What needs to be done
An exact repetition of the data is required; no picture should appear in it.

The data
════════════════

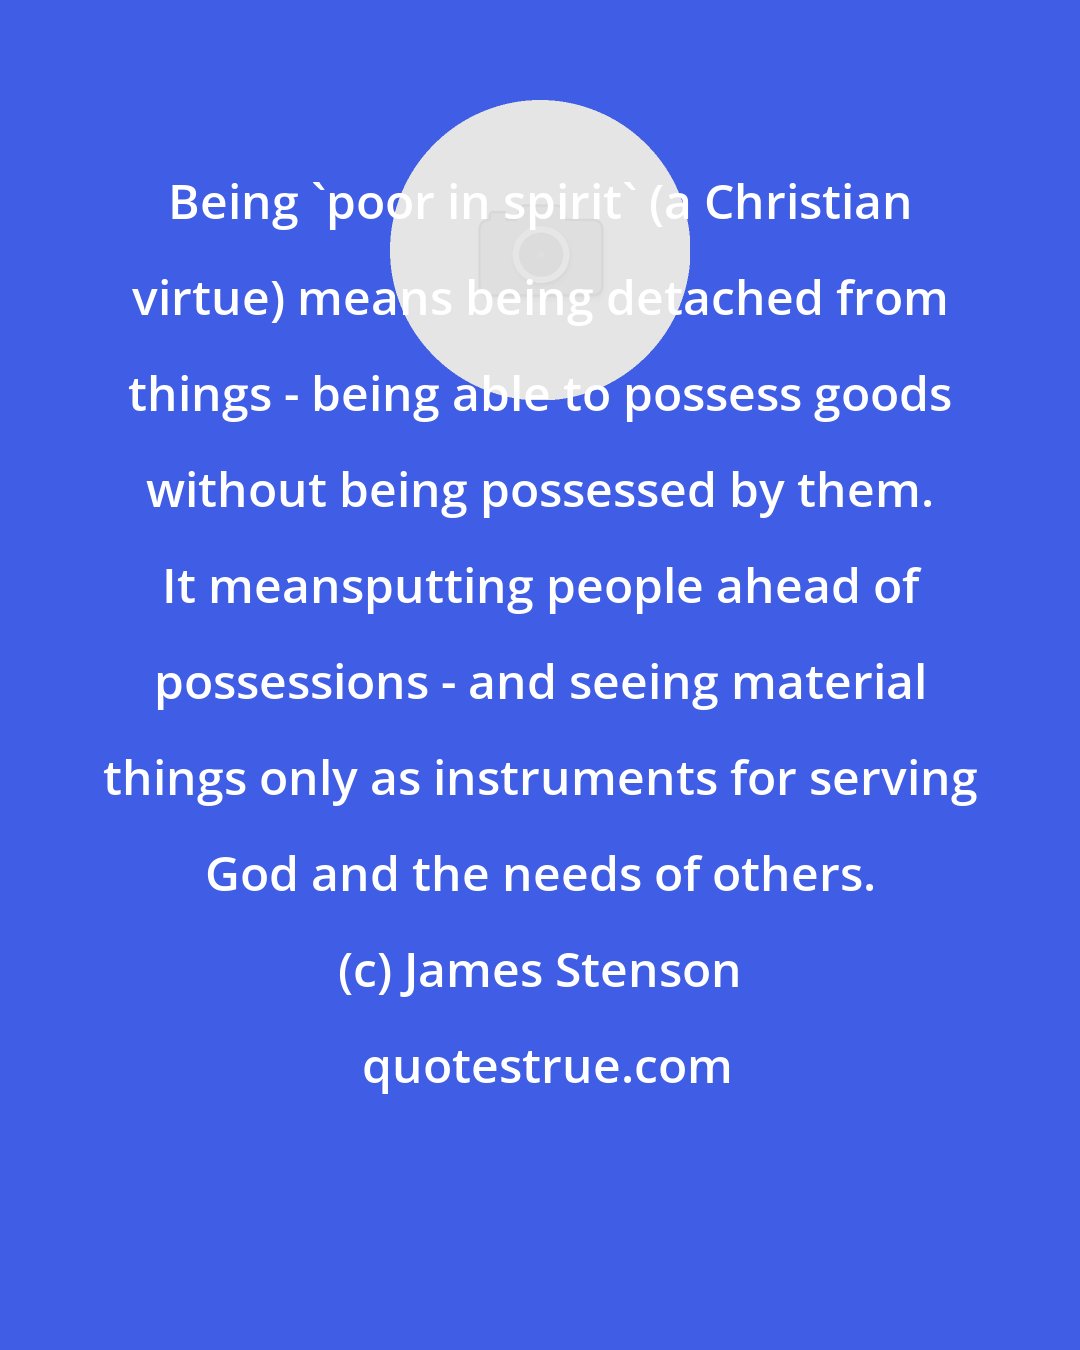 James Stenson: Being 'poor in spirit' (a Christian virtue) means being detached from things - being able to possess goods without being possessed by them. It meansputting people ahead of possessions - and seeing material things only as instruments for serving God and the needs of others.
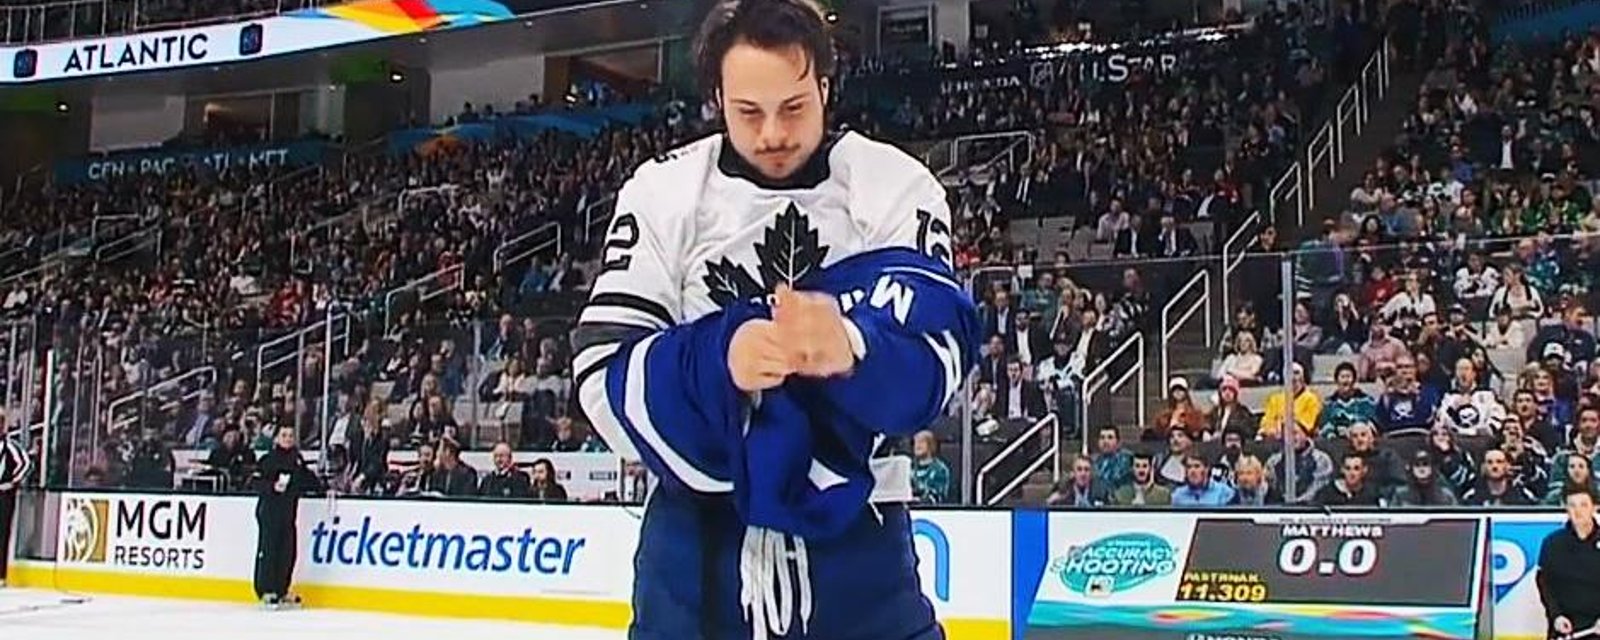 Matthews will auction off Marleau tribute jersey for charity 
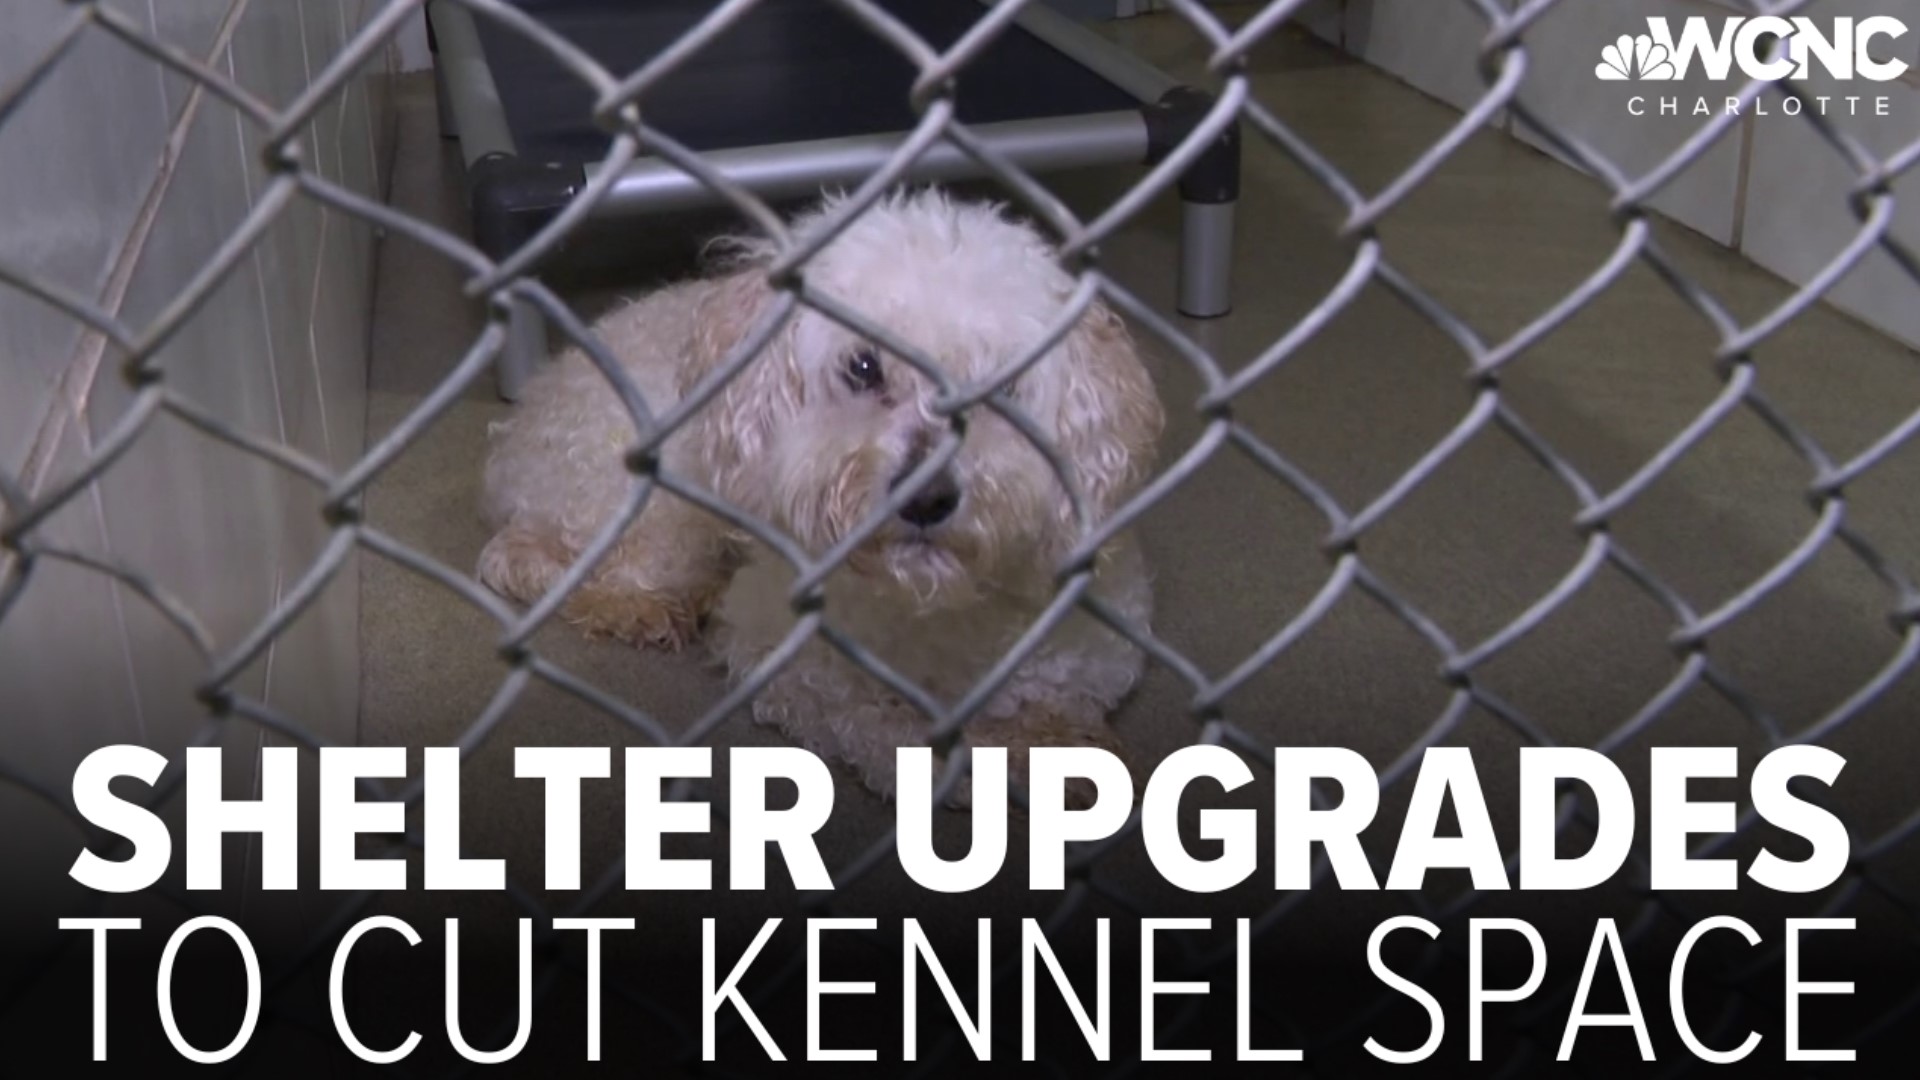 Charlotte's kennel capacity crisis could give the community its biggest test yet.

════════════════

Exercise result
 James Stenson: Being 'poor in spirit' (a Christian virtue) means being detached from things - being able to possess goods without being possessed by them. It meansputting people ahead of possessions - and seeing material things only as instruments for serving God and the needs of others.
 Matthews will auction off Marleau tribute jersey for charity 
 Charlotte's kennel capacity crisis could give the community its biggest test yet.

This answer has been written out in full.